▶ _Stored entries_
------------------------

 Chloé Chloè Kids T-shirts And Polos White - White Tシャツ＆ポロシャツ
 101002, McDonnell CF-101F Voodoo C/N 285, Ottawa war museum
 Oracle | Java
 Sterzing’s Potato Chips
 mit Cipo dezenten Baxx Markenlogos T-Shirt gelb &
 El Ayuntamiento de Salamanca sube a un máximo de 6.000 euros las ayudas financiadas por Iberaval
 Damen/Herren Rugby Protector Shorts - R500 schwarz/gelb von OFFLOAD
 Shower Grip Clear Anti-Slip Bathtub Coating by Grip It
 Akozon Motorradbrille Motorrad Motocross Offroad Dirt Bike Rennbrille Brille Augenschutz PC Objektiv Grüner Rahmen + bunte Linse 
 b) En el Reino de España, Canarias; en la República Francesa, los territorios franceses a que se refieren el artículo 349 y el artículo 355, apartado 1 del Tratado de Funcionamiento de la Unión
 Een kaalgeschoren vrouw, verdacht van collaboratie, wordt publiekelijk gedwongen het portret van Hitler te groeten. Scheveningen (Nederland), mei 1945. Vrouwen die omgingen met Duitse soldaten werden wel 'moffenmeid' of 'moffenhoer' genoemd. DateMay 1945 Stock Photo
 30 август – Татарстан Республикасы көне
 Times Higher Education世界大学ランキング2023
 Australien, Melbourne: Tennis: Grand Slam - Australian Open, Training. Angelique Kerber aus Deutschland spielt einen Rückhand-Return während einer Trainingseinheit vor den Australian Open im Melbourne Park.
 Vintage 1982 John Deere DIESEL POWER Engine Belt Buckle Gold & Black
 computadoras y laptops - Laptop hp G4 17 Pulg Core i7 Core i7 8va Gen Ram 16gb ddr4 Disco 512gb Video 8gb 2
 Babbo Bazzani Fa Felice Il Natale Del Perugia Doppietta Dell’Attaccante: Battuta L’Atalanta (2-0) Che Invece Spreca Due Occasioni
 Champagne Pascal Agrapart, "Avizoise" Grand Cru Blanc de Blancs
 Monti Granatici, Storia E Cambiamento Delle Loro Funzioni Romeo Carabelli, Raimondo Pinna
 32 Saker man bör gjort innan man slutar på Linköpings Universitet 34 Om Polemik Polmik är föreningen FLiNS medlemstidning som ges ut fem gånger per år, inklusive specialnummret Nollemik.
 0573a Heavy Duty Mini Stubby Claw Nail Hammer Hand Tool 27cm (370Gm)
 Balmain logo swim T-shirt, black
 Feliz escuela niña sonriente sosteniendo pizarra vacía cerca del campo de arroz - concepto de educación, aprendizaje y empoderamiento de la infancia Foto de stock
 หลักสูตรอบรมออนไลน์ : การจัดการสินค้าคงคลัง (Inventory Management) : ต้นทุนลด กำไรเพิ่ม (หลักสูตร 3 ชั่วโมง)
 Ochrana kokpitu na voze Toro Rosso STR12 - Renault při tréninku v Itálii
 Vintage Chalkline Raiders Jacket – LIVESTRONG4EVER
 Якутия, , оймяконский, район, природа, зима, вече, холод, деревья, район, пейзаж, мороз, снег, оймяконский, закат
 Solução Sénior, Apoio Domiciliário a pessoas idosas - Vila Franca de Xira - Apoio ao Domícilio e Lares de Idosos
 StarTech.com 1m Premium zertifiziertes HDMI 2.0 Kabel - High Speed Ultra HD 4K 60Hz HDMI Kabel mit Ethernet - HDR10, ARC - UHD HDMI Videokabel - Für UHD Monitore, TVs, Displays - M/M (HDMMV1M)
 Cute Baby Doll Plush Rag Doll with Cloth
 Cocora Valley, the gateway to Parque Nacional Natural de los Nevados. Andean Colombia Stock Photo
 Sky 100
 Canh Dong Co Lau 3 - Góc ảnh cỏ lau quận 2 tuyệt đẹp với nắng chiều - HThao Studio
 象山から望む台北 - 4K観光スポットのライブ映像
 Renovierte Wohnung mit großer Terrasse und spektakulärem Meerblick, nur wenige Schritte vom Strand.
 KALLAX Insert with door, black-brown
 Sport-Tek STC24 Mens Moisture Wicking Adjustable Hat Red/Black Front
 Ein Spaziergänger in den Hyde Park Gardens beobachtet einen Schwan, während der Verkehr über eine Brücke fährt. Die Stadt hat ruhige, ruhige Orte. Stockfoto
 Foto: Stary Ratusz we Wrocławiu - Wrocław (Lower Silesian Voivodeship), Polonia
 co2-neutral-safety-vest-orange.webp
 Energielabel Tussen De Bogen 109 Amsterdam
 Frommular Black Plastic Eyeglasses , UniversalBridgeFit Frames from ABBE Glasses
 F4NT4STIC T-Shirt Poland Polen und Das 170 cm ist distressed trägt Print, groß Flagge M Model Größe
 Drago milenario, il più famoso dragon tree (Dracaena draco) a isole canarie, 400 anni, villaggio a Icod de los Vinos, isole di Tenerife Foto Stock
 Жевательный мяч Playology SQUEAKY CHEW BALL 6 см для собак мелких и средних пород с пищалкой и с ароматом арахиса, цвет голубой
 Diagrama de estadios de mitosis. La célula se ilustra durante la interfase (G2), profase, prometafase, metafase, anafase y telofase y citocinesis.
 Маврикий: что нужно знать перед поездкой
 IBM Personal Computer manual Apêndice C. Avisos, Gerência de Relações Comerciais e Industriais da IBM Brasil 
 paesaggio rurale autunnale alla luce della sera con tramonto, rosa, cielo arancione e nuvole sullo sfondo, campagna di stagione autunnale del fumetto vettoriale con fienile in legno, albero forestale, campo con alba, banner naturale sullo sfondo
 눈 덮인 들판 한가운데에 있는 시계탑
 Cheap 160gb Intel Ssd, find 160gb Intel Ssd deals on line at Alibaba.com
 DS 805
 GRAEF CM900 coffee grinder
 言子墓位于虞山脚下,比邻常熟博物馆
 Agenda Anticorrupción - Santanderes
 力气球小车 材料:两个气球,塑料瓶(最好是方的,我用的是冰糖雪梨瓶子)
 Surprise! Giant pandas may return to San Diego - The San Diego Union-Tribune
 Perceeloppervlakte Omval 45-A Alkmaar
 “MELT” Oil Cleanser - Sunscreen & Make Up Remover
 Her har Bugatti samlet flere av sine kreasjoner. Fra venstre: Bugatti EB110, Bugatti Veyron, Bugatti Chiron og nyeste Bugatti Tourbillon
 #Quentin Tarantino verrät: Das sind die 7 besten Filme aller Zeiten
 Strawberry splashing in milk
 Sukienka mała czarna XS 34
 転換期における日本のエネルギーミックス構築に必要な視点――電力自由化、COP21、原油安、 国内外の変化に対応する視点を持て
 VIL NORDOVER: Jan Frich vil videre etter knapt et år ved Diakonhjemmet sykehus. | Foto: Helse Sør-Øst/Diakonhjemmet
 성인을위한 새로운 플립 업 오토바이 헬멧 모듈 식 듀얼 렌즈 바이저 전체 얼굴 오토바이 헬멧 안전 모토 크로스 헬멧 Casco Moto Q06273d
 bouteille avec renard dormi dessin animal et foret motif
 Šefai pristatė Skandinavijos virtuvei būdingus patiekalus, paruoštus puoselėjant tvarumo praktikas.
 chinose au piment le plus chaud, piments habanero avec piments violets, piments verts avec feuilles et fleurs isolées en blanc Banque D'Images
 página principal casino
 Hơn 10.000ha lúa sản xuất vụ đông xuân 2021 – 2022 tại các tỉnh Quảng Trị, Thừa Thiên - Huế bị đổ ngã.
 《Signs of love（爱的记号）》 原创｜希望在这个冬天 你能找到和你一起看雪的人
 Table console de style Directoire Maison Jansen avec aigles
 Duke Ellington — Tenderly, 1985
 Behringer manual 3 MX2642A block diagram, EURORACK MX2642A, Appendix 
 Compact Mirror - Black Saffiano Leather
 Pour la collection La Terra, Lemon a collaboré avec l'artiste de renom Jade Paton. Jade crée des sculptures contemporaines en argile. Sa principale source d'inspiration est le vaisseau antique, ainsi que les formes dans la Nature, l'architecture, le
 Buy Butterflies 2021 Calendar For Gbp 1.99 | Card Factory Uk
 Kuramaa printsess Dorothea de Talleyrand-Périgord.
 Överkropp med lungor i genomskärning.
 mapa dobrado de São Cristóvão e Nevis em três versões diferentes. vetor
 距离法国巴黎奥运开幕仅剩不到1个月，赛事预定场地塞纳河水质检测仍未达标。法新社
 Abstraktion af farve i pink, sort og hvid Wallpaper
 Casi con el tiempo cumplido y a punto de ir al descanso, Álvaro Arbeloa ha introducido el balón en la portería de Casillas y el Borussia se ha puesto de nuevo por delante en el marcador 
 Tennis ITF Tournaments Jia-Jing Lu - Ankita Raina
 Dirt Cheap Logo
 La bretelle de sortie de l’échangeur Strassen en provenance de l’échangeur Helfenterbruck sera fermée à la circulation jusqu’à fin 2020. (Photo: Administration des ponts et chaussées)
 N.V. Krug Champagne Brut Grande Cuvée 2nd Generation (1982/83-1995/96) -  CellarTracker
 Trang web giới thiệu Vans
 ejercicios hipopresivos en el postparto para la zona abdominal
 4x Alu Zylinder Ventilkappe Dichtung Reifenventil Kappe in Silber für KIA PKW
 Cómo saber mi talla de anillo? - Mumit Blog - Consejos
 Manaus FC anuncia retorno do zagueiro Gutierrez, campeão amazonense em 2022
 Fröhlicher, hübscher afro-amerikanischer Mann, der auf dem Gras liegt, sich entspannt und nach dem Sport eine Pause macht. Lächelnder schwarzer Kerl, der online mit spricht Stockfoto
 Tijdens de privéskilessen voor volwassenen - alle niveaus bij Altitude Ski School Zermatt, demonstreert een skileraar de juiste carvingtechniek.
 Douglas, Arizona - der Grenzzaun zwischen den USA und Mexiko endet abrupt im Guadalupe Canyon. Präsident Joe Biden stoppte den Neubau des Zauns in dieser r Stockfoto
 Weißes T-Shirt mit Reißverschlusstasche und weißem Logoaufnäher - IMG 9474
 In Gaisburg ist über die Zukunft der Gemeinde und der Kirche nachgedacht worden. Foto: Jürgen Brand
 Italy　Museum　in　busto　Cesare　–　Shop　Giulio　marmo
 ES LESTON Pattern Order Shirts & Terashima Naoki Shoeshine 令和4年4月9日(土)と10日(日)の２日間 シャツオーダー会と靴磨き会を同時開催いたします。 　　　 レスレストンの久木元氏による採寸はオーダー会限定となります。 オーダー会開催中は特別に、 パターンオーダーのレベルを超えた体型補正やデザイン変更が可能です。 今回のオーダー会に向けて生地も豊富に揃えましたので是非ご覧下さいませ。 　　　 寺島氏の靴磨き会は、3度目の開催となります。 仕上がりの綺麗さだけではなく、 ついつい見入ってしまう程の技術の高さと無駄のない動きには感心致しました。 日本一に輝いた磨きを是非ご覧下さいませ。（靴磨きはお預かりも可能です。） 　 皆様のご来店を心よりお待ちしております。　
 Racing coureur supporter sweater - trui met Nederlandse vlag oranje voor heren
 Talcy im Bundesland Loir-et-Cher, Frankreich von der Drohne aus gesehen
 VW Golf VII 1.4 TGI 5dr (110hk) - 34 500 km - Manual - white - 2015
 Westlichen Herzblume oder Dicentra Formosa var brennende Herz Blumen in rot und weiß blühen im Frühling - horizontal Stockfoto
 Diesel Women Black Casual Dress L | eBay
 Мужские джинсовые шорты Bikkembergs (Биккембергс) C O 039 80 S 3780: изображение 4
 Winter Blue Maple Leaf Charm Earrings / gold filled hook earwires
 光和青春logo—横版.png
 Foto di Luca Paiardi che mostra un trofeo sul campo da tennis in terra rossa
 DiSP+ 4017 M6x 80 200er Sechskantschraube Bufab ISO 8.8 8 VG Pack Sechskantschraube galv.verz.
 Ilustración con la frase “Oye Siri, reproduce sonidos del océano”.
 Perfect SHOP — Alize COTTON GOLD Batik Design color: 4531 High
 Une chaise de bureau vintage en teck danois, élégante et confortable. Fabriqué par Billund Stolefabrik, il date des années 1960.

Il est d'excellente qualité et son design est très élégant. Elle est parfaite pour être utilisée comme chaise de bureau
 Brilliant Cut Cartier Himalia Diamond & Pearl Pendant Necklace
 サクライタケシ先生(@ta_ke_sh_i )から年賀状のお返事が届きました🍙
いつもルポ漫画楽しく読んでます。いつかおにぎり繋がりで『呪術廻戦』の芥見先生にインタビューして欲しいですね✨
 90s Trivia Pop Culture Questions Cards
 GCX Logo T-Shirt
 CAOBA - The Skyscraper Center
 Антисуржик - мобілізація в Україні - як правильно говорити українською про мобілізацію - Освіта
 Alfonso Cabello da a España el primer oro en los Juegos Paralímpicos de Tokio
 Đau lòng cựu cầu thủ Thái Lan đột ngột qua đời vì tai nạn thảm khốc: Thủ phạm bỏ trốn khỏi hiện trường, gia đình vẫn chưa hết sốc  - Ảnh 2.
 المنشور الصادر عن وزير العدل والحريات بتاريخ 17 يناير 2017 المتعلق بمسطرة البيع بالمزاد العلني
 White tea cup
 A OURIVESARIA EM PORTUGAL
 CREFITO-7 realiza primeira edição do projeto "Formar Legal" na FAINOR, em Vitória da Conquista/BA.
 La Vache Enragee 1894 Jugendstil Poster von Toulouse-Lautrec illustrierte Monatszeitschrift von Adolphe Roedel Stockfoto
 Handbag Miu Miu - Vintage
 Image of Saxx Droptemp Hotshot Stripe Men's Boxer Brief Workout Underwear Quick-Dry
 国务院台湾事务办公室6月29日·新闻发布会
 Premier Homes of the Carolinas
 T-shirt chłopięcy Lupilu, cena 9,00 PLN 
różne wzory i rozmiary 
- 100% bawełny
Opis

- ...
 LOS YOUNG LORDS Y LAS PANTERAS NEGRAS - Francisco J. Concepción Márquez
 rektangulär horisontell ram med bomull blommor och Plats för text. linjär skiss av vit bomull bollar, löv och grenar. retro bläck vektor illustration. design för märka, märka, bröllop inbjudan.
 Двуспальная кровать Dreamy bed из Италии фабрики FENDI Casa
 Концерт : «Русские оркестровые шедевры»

------------------------

▶ _WHAT TO DO_
Considering only the data above, return the lines in which "España" occurs.

▶ _EXPECTED ANSWER_
 b) En el Reino de España, Canarias; en la República Francesa, los territorios franceses a que se refieren el artículo 349 y el artículo 355, apartado 1 del Tratado de Funcionamiento de la Unión
 Alfonso Cabello da a España el primer oro en los Juegos Paralímpicos de Tokio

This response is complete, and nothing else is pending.